I'm working on costume design for a Phoenix band that hopes to make this in the next year or so for a music video - one that's "big budget and mtv worthy".  I have yet to finish the guitarist and vocalist, but have the drummer - http://img.photobucket.com/albums/v4...esignFinal.jpg

the bassist (shoes are black with red side stripes) - http://img.photobucket.com/albums/v4...ephenrough.jpg

and the violinist - http://img.photobucket.com/albums/v4...aelieFinal.jpg

Just wanting opinions more than anything. Many display a love and hate relationship, and I'd like to see if since MTV has had crazier costume design videos lately, peoples opinions have changed.


----------



## melozburngr (May 25, 2005)

Dude- the violinist's design is effin sweet- love it


----------



## martygreene (May 25, 2005)

Interesting that you design with colored pencil- I've always used watercolor.

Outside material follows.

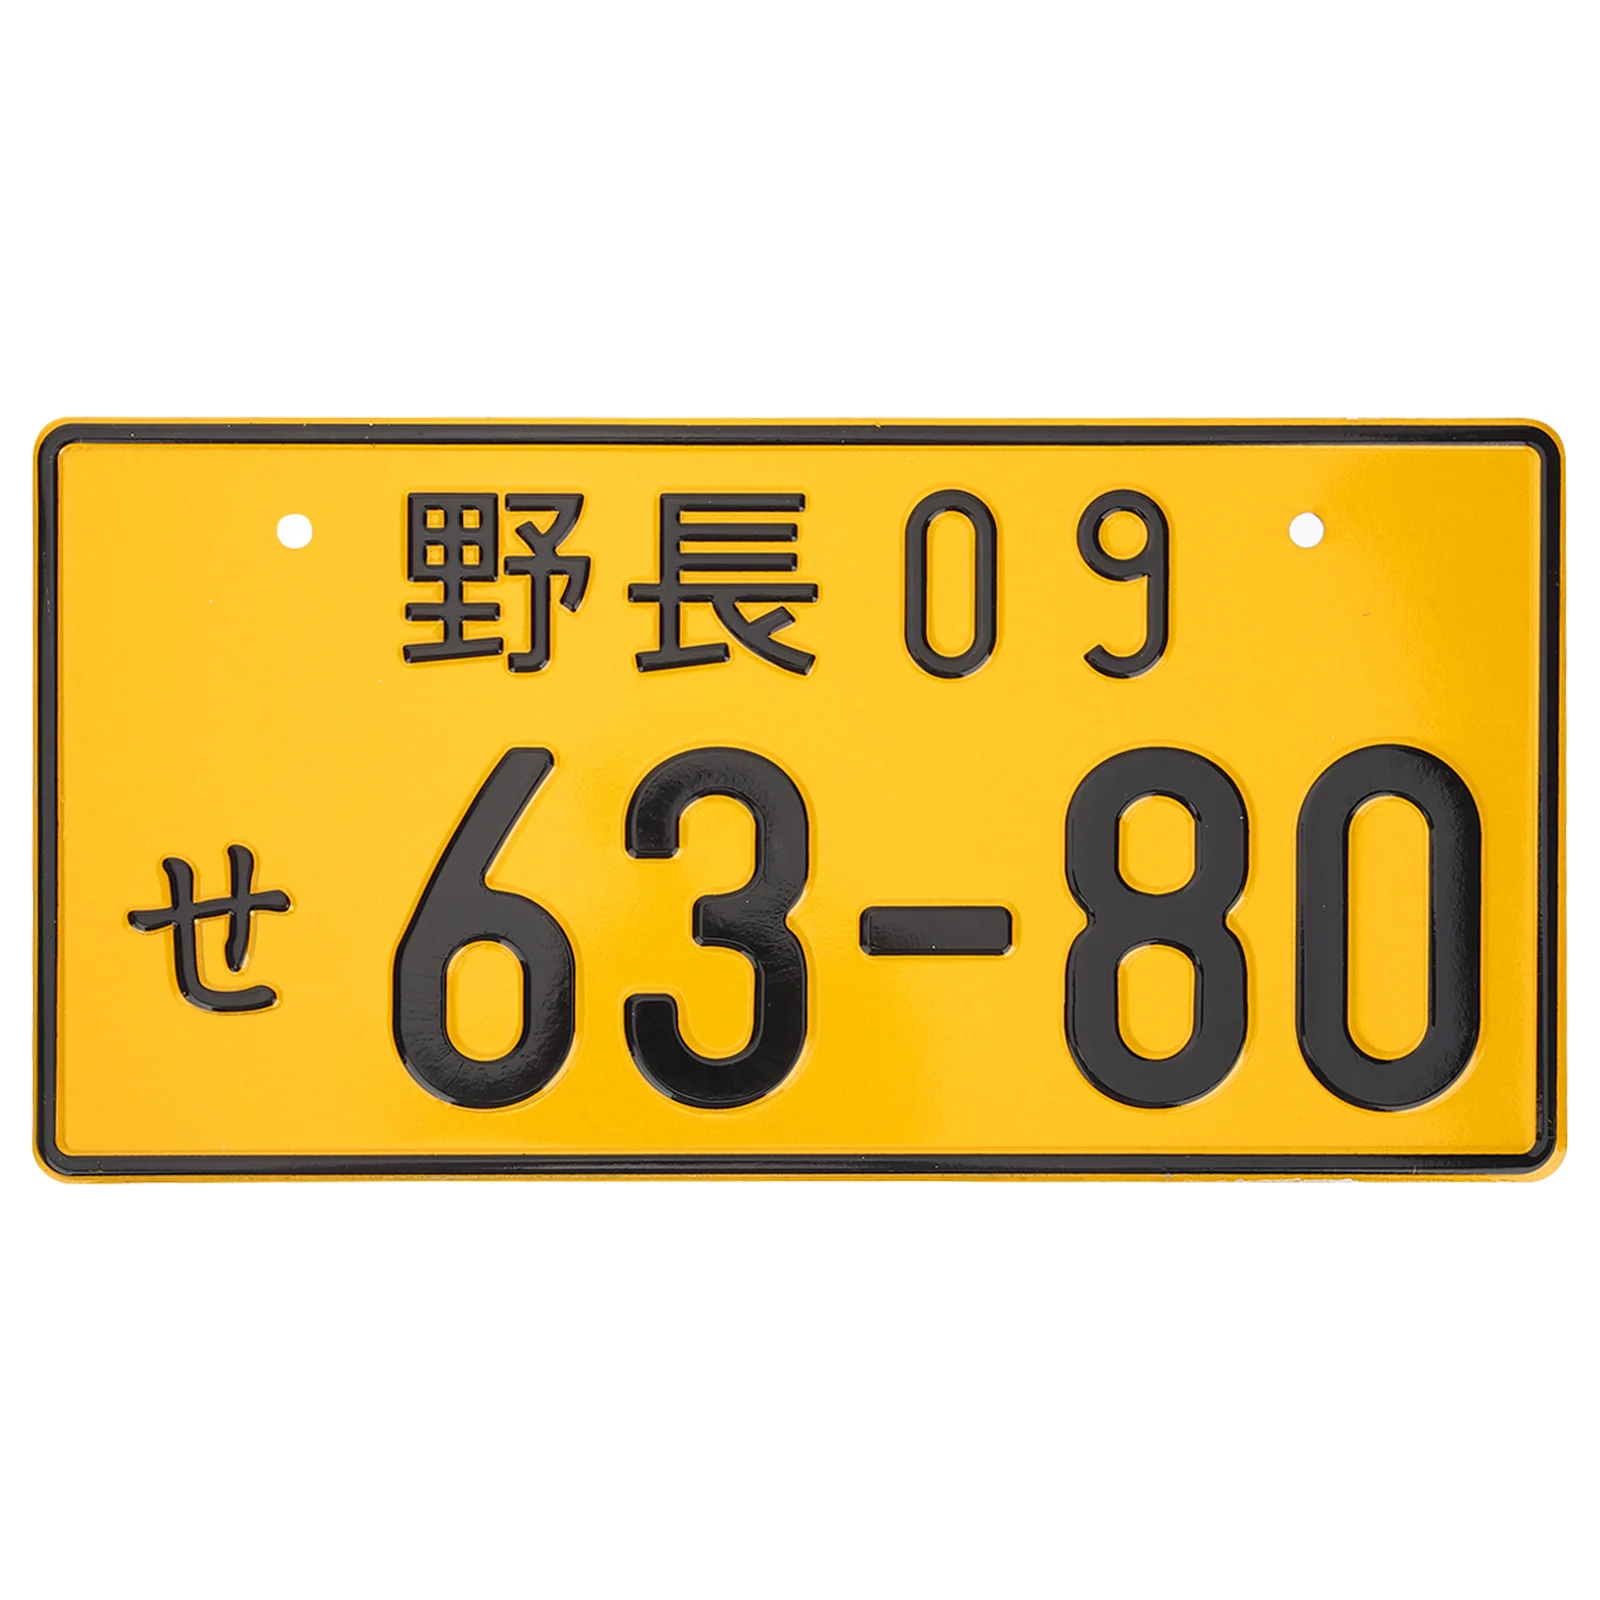 

Truck Accessories Number Plate for Car License Characters Numbers Japanese Auto Tag Aluminum Temporary Vanity

The look good, without knowing the characters and such. Be careful with the juxtaposition of yellow and white, especially for filming/stage, the two will bleed together visually and you'll get something in-between the two if you aren't careful with your shade and fabric choices.


----------



## aeni (May 26, 2005)

I have scanned in the swatches for the dress.  The white is grayish and the yellow is technically colorchanging from yellow to blue.

My class first taught me in colored pencils, then watercolor.  I rather like mixing my mediums more - some watercolor, some watercolor crayon, pencils, markers, pens, etc.  They'll probably get redesigned in the end since the lead singer is still making up his mind about the plot of the video by himself, rather than with the band and director.


----------